A(-1, 1), B(0, 3) and C(3, 4)
After transforming by first 90 rotating clockwise about the origin. The new position of point (x, y) will be (y, -x)
A(-1, 1) → A'(1, 1)
B(0, 3) → B'(3, 0)
C(3, 4) → C'(4, -3)
After Reflection: in the line y axis
The reflection of the point (x, y) in the line line y-axis is the point (-x, y).
A'(1, 1) → A''(-1, 1)
B'(3, 0) → B''(-3, 0)
C'(4, -3) → C''(-4, -3)
Please check the top right side of figure b.
If the order of the transformation were performed in reverse order ? (Reflection, then rotation), would the final image by the same?
A(-1, 1), B(0, 3) and C(3, 4)
After Reflection: in the line y-axis
The reflection of the point (x, y) in the line y-axis is the point (-x, y).
A(-1, 1) → A'(1, 1)
B(0, 3) → B'(0, 3)
C(3, 4) → C'(-3, 4)
After transforming by first 90 rotating clockwise about the origin. The new position of point (x, y) will be (y, -x)
A'(1, 1) → A''(1, -1)
B'(0, 3) → B''(3, 0)
C'(-3, 4) → C''(4, 3)
No, the image is no longer the same if order of the transformation is switched as shown at the right bottom of figure b.
Answering the YES and NO Questions:
If the transformation were performed in reverse order (reflection. then rotation), would the final image be the same?
No, if we reverse the direction of the composition, the final image would not be same.
Check the figure at top right side of figure b, and compare it with the at the bottom right side of figure b. They are not the same.
Would the reflection of triangle ABC in the line y = x have produced the same final image?
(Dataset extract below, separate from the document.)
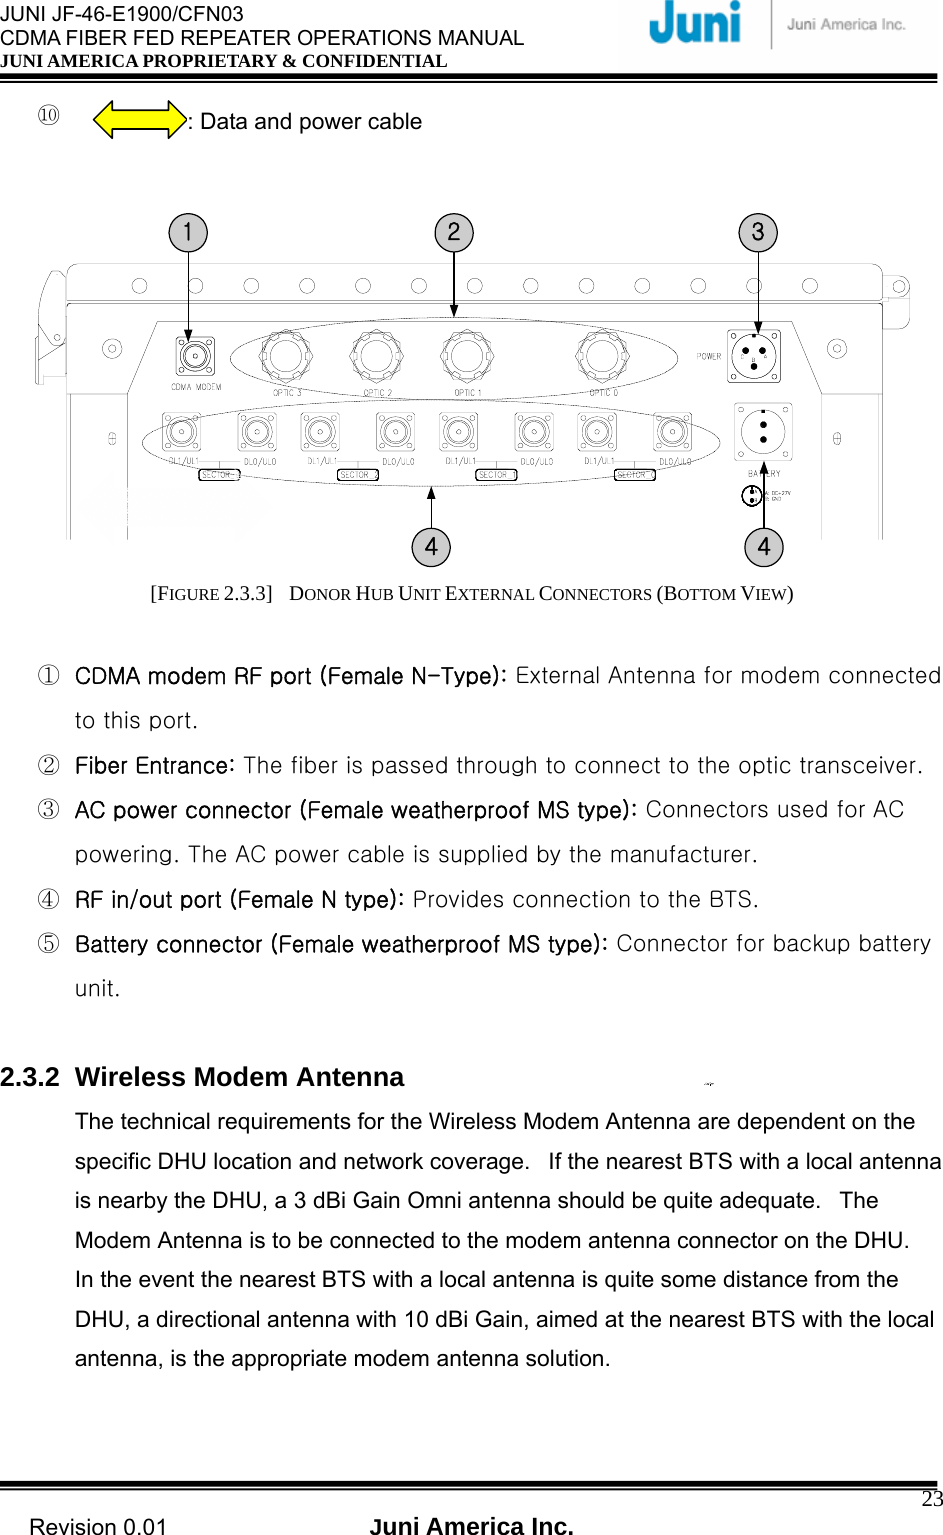  JUNI JF-46-E1900/CFN03 CDMA FIBER FED REPEATER OPERATIONS MANUAL JUNI AMERICA PROPRIETARY &amp; CONFIDENTIAL                                   Revision 0.01  Juni America Inc.  23⑩     1 2 34 4 [FIGURE 2.3.3]  DONOR HUB UNIT EXTERNAL CONNECTORS (BOTTOM VIEW)   ①  CDMA modem RF port (Female N-Type): External Antenna for modem connected to this port. ②  Fiber Entrance: The fiber is passed through to connect to the optic transceiver. ③  AC power connector (Female weatherproof MS type): Connectors used for AC powering. The AC power cable is supplied by the manufacturer. ④  RF in/out port (Female N type): Provides connection to the BTS. ⑤  Battery connector (Female weatherproof MS type): Connector for backup battery unit.  2.3.2 Wireless Modem Antenna The technical requirements for the Wireless Modem Antenna are dependent on the specific DHU location and network coverage.   If the nearest BTS with a local antenna is nearby the DHU, a 3 dBi Gain Omni antenna should be quite adequate.   The Modem Antenna is to be connected to the modem antenna connector on the DHU. In the event the nearest BTS with a local antenna is quite some distance from the DHU, a directional antenna with 10 dBi Gain, aimed at the nearest BTS with the local antenna, is the appropriate modem antenna solution.  : Data and power cable
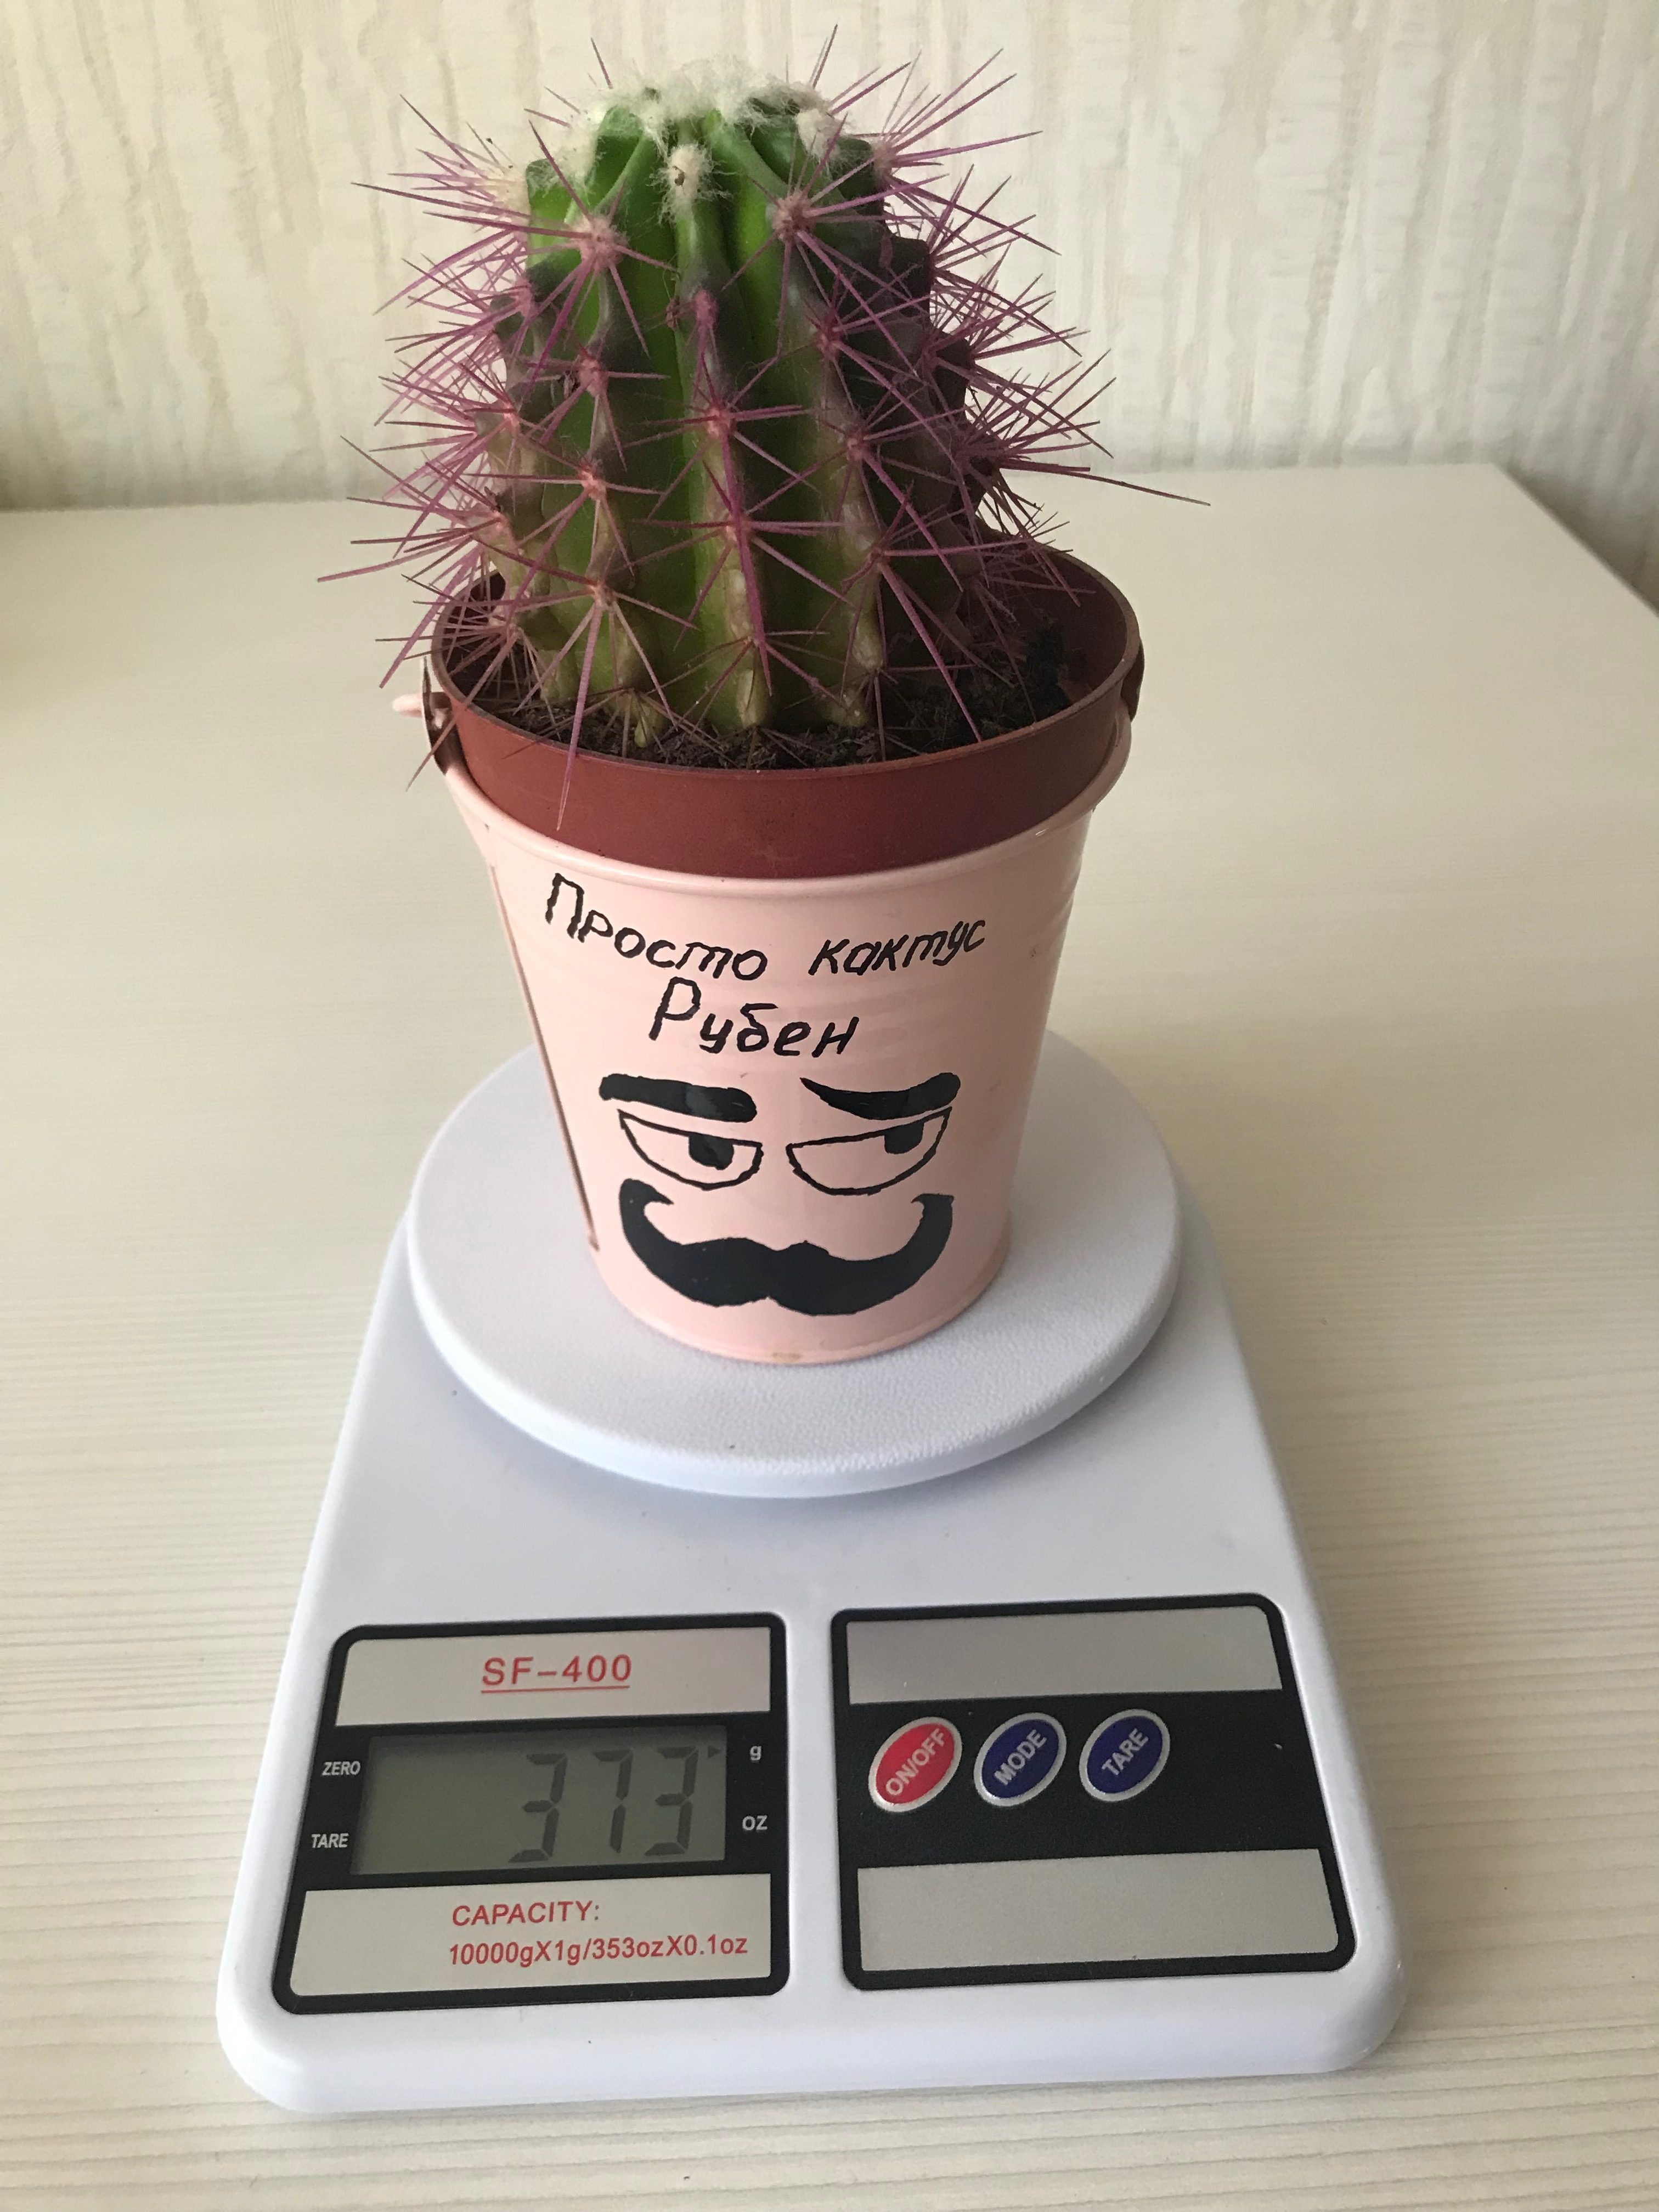 the weight of the cactus in the bucket

Yes, the reflection of triangle ABC in the line y = x would have produced the same final image. Compare the figure of the bottom left with the bottom right of figure b.
As A(-1, 1), B(0, 3) and C(3, 4)
After Reflection: in the line y = x
The reflection of the point (x, y) across the
line y = x is the point (y, x).
A(-1, 1) → A''(1, -1)
B(0, 3) → B''(3, 0)
C(3, 4) → C''(4, 3)
Hence, the reflection of triangle ABC in the line y = x would have produced the same final image. Compare the figure of the bottom left with the bottom right of figure b.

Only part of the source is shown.